Nothing past the line containing "A person and" belongs in the output. Copy exactly every line of the data below from the first up to and including it.

Data records:
########

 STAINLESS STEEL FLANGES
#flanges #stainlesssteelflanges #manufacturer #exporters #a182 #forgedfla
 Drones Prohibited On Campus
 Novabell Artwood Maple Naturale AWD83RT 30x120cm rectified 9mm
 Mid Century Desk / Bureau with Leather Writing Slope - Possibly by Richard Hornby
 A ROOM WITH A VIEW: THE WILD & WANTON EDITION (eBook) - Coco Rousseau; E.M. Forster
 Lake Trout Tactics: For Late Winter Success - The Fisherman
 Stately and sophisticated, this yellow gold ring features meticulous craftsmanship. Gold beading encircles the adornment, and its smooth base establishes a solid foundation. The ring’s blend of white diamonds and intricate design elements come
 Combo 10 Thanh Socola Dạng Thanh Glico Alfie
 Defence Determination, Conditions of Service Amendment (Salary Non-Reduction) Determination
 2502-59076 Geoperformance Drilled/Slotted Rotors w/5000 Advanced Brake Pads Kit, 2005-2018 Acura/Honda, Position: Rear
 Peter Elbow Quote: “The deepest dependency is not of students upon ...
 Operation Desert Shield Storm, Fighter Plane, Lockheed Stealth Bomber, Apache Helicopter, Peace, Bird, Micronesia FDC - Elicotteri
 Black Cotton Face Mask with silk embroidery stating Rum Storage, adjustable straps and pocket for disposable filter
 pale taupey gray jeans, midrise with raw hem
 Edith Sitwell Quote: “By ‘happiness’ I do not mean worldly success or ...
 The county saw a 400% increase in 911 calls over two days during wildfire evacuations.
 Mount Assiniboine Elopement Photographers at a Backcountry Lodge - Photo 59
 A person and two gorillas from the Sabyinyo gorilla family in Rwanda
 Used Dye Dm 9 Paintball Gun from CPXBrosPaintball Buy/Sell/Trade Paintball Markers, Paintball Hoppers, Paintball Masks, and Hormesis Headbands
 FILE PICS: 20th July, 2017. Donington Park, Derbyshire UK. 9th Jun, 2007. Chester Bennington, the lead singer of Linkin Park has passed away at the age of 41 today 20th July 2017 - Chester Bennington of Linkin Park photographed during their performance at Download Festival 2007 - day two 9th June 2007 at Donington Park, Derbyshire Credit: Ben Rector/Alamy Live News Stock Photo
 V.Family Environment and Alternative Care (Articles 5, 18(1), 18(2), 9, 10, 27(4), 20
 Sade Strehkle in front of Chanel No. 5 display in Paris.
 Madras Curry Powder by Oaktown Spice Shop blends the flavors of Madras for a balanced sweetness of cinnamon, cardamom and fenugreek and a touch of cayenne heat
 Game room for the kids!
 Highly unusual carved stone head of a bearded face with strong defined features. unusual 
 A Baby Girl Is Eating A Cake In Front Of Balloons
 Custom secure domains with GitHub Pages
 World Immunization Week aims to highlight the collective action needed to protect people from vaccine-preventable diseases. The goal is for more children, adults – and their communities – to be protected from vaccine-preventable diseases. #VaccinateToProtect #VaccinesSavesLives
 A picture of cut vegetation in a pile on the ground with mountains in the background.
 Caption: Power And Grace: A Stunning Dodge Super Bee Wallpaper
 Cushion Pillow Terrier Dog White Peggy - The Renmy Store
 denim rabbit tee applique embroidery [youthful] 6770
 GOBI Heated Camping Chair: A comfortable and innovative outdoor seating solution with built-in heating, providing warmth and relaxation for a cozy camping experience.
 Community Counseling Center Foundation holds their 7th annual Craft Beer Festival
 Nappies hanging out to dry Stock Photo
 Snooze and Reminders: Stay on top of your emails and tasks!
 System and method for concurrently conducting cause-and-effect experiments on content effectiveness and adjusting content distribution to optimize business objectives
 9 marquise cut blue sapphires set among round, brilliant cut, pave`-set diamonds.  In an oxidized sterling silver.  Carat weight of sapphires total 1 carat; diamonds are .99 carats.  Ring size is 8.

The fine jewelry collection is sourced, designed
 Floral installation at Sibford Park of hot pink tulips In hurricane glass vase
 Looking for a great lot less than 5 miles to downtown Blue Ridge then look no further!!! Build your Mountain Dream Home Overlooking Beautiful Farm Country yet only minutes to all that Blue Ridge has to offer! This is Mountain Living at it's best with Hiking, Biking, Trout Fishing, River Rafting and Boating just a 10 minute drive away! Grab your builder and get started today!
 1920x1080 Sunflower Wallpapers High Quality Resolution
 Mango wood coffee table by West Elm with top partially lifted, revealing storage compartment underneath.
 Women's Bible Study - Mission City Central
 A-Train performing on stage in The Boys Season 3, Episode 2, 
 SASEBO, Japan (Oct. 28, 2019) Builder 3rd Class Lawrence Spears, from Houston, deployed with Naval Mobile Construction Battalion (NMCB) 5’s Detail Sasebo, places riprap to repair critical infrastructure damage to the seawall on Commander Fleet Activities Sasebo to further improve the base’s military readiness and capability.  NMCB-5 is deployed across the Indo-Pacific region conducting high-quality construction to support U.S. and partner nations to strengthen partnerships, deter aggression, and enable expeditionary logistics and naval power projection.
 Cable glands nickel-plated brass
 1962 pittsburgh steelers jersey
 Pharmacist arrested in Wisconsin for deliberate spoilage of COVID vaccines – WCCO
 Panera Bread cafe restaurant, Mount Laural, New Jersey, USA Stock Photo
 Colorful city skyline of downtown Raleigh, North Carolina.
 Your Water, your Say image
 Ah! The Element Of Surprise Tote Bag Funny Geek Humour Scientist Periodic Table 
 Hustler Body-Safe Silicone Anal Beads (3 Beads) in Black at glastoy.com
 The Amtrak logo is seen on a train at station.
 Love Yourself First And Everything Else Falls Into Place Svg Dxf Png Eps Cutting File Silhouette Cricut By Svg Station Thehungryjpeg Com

########

◆ RESULT
 STAINLESS STEEL FLANGES
#flanges #stainlesssteelflanges #manufacturer #exporters #a182 #forgedfla
 Drones Prohibited On Campus
 Novabell Artwood Maple Naturale AWD83RT 30x120cm rectified 9mm
 Mid Century Desk / Bureau with Leather Writing Slope - Possibly by Richard Hornby
 A ROOM WITH A VIEW: THE WILD & WANTON EDITION (eBook) - Coco Rousseau; E.M. Forster
 Lake Trout Tactics: For Late Winter Success - The Fisherman
 Stately and sophisticated, this yellow gold ring features meticulous craftsmanship. Gold beading encircles the adornment, and its smooth base establishes a solid foundation. The ring’s blend of white diamonds and intricate design elements come
 Combo 10 Thanh Socola Dạng Thanh Glico Alfie
 Defence Determination, Conditions of Service Amendment (Salary Non-Reduction) Determination
 2502-59076 Geoperformance Drilled/Slotted Rotors w/5000 Advanced Brake Pads Kit, 2005-2018 Acura/Honda, Position: Rear
 Peter Elbow Quote: “The deepest dependency is not of students upon ...
 Operation Desert Shield Storm, Fighter Plane, Lockheed Stealth Bomber, Apache Helicopter, Peace, Bird, Micronesia FDC - Elicotteri
 Black Cotton Face Mask with silk embroidery stating Rum Storage, adjustable straps and pocket for disposable filter
 pale taupey gray jeans, midrise with raw hem
 Edith Sitwell Quote: “By ‘happiness’ I do not mean worldly success or ...
 The county saw a 400% increase in 911 calls over two days during wildfire evacuations.
 Mount Assiniboine Elopement Photographers at a Backcountry Lodge - Photo 59
 A person and two gorillas from the Sabyinyo gorilla family in Rwanda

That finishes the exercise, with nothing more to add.